Exercise
Would you retype the listing below word for word, without any of its pictures?

The data

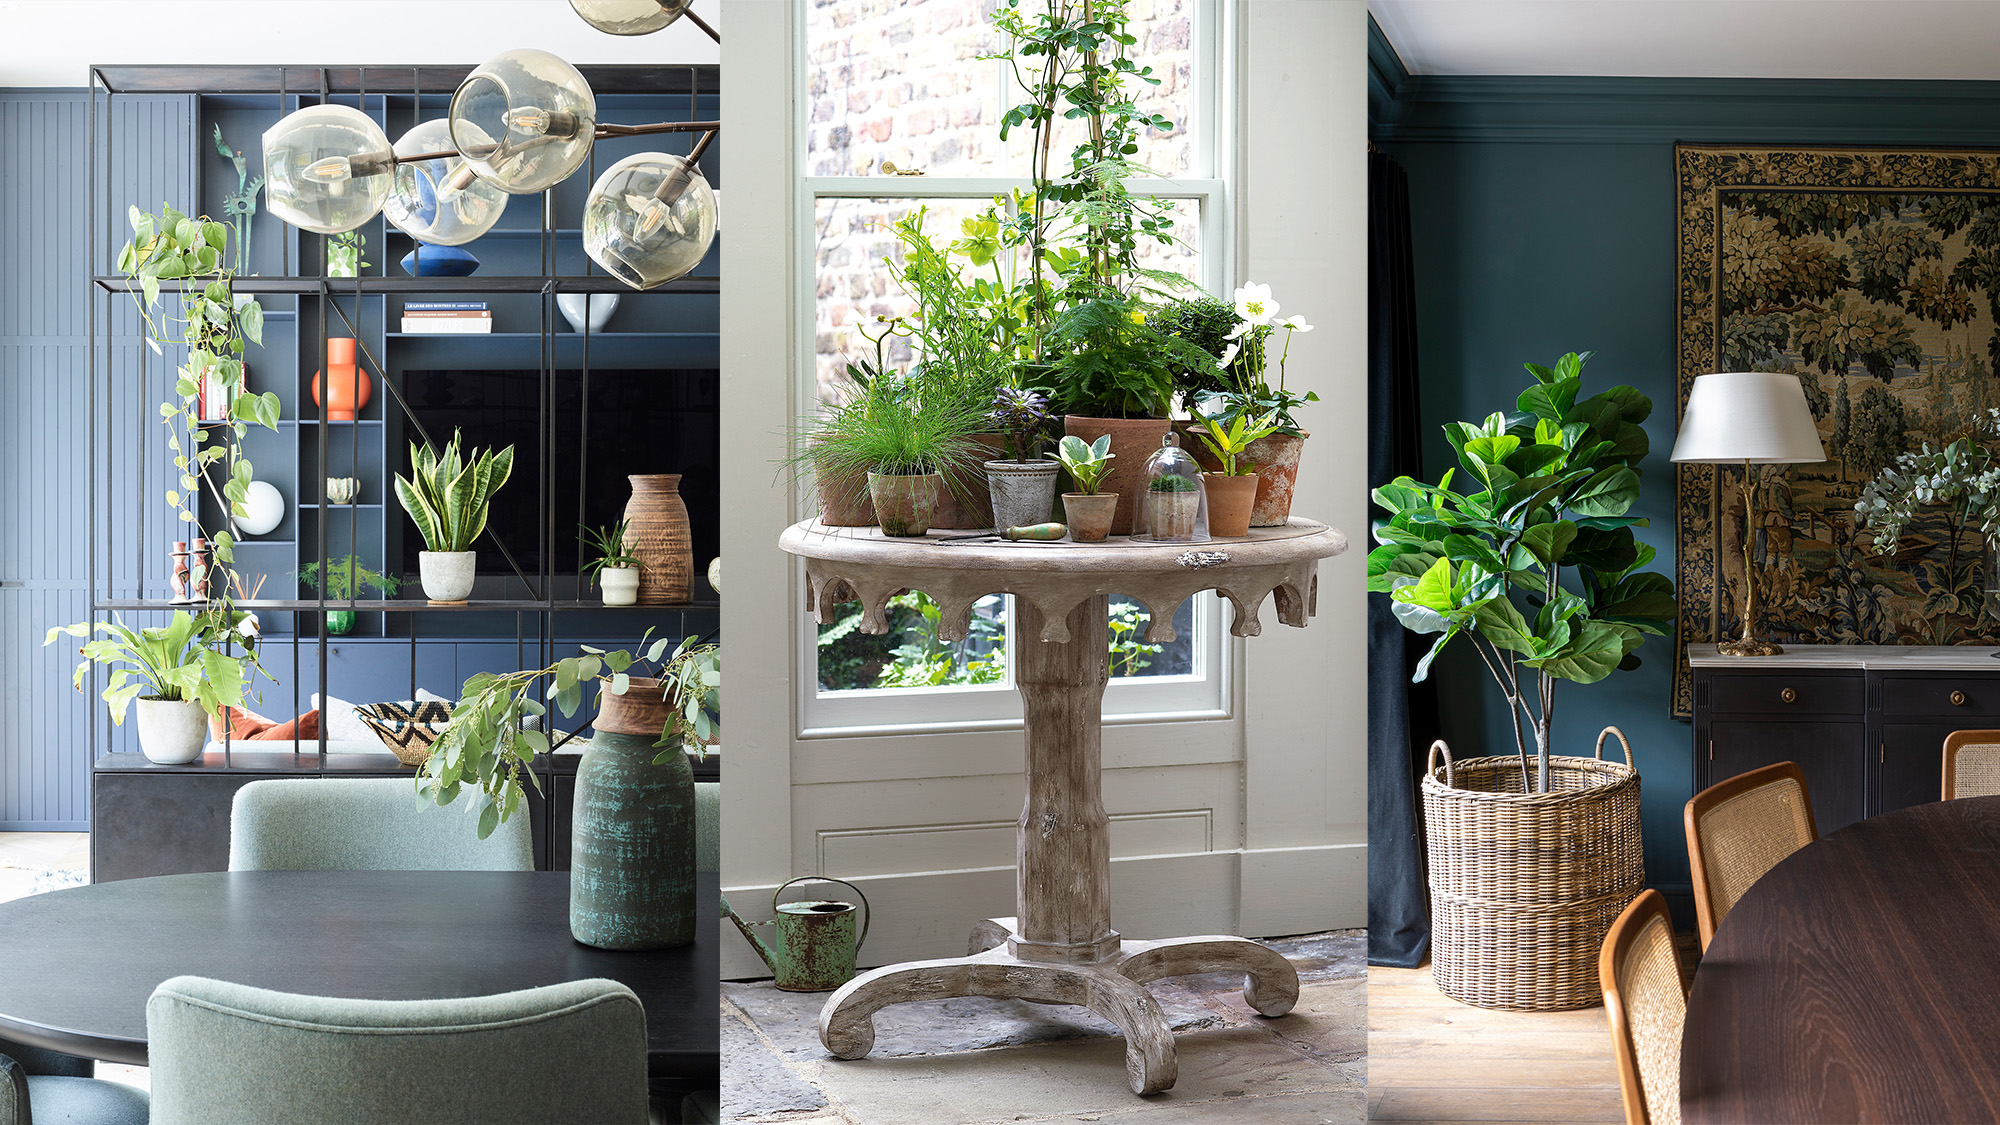 26 Ideas for Decorating With Greenery
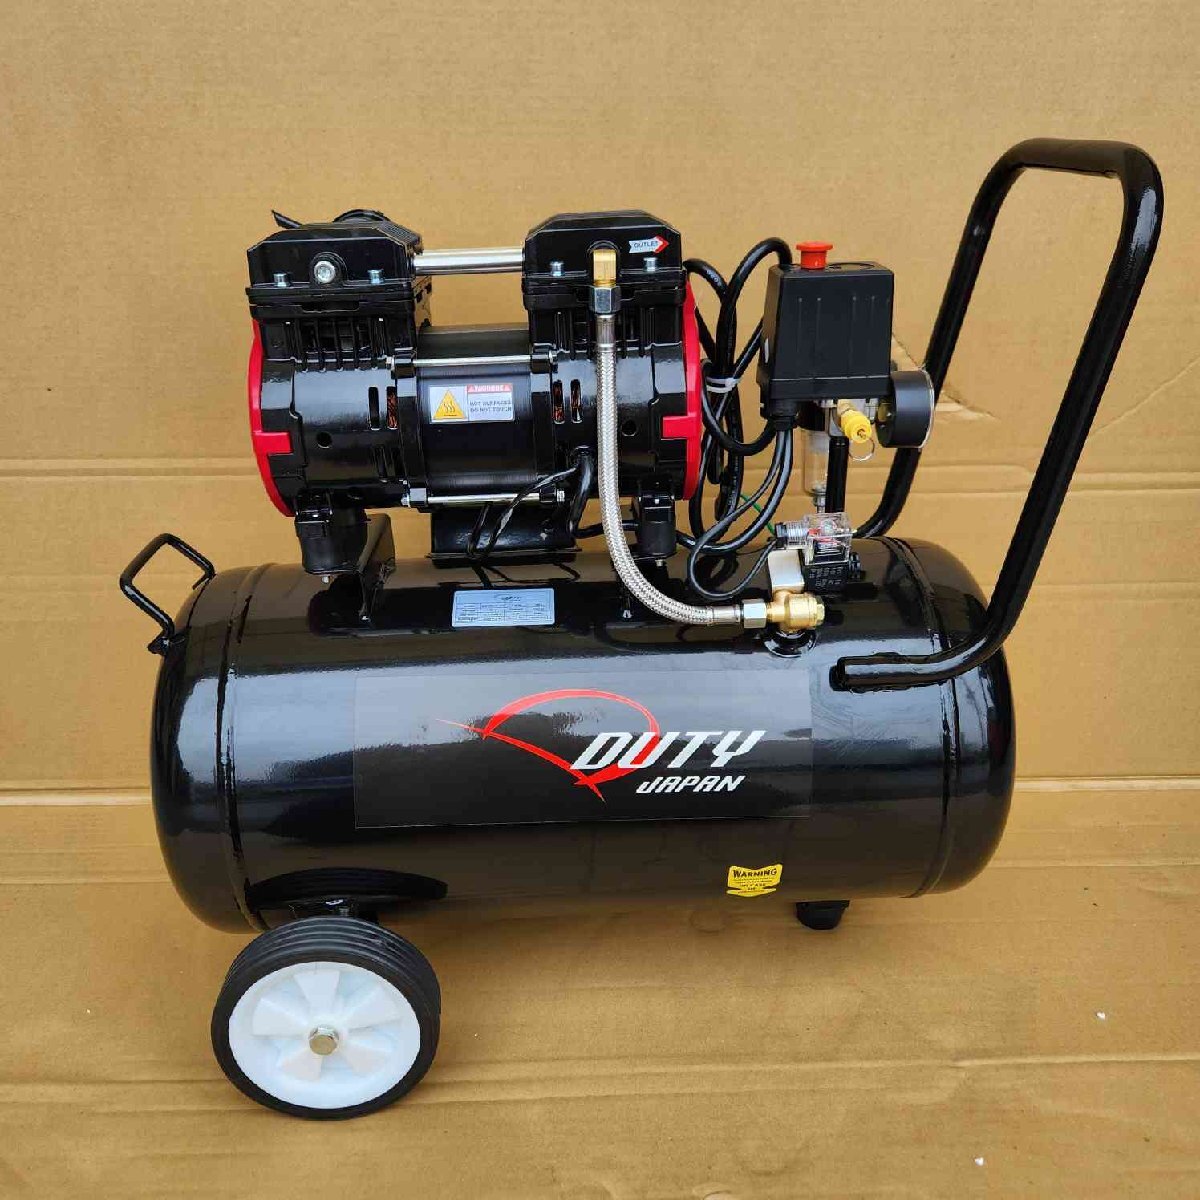  new model high speed motor installing super quiet sound horizontal oil less compressor 40L tanker installing 100V 3 months with guarantee 
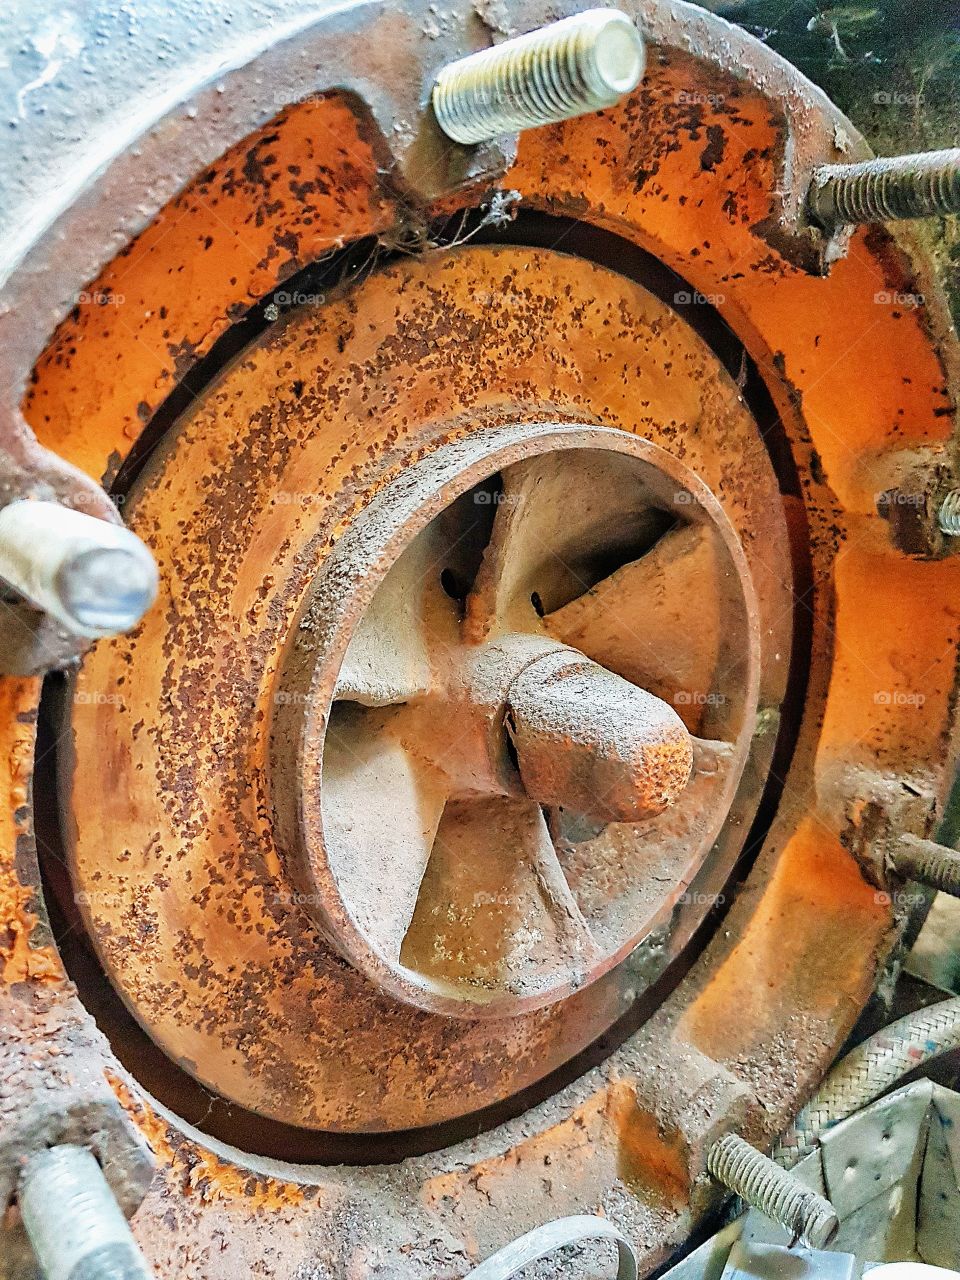 Rusted water pump

Finished exercise
 26 Ideas for Decorating With Greenery
  new model high speed motor installing super quiet sound horizontal oil less compressor 40L tanker installing 100V 3 months with guarantee 
 Rusted water pump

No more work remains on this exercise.